Each of the warrants in the offering will be subject to
customary beneficial ownership limitations on exercisability, will
be exercisable at any time after the date of issuance of such
warrant and, in the case of the accompanying warrants, will expire
on the fifth anniversary of the date of issuance. Each of the
accompanying warrants will have an exercise price of $0.48 per
underlying share of Common Stock.
Canaccord Genuity is acting as sole book-running manager for the
public offering. The offering is expected to close on or about
November 25, 2024, subject to customary closing conditions.
The securities are being offered by the Company pursuant to a
shelf registration statement on Form S-3 that was previously filed
with the Securities and Exchange Commission (the “SEC”) on November
2, 2023 and which became effective on November 13, 2023. This
offering is being made only by means of a written prospectus and
prospectus supplement that form a part of the registration
statement.

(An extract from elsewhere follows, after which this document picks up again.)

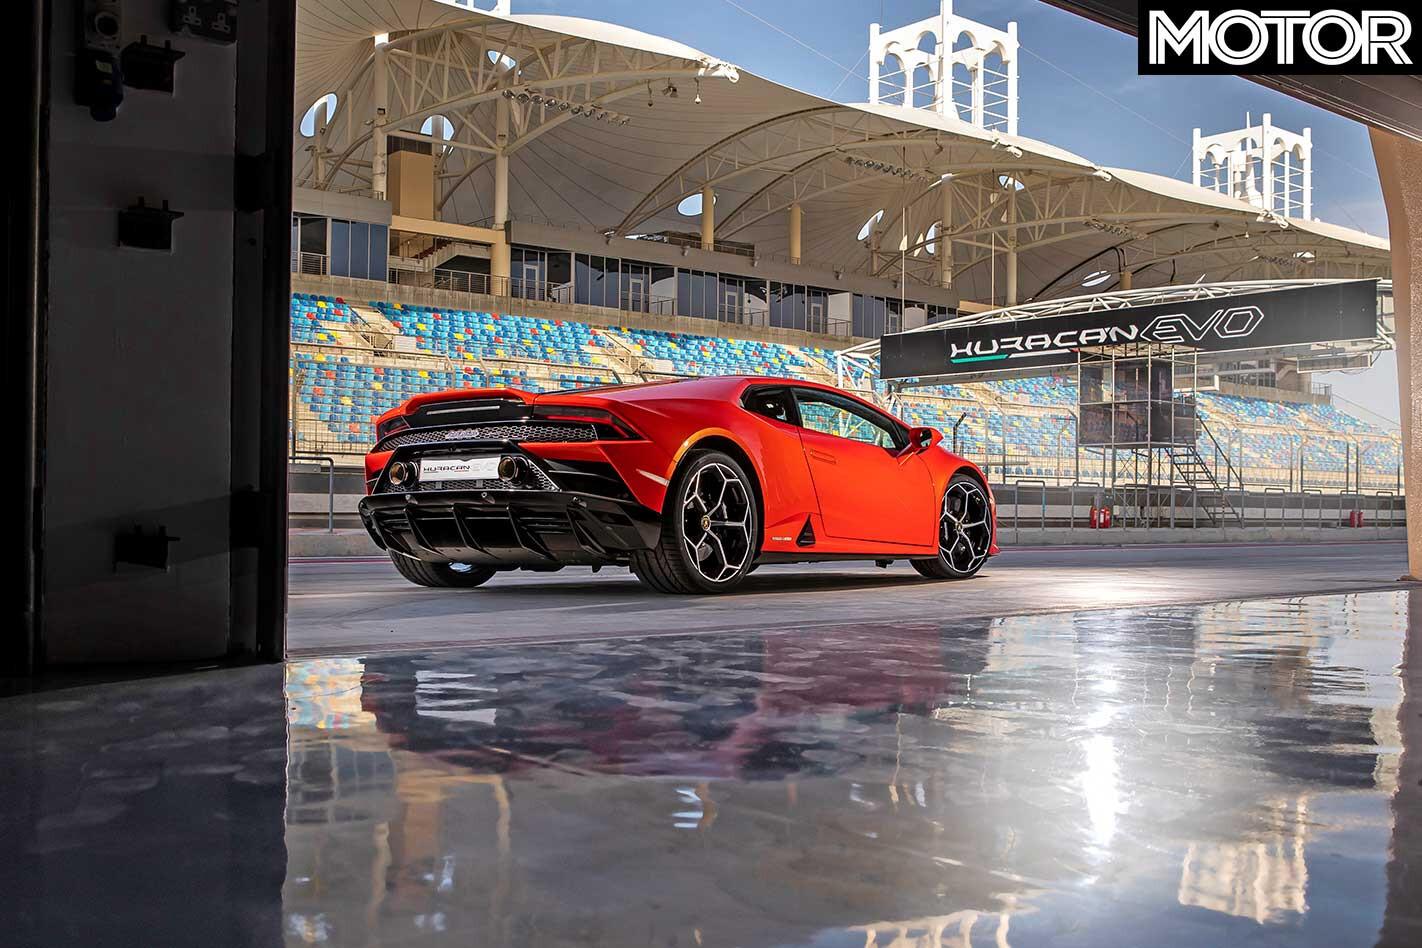 2019 Lamborghini Huracan Evo Rear Static Jpg

A preliminary prospectus supplement relating to and
describing the terms of the offering was filed with the SEC and is
available on the SEC’s website at www.sec.gov. The final terms of
the offering will be disclosed in a final prospectus supplement to
be filed with the SEC. When available, copies of the prospectus
supplement and the accompanying prospectus relating to the offering
may also be obtained by contacting: Canaccord Genuity LLC, One Post
Office Square, Suite 3000, Boston, MA 02109, Attn: Syndicate
Department, by email at prospectus@cgf.com.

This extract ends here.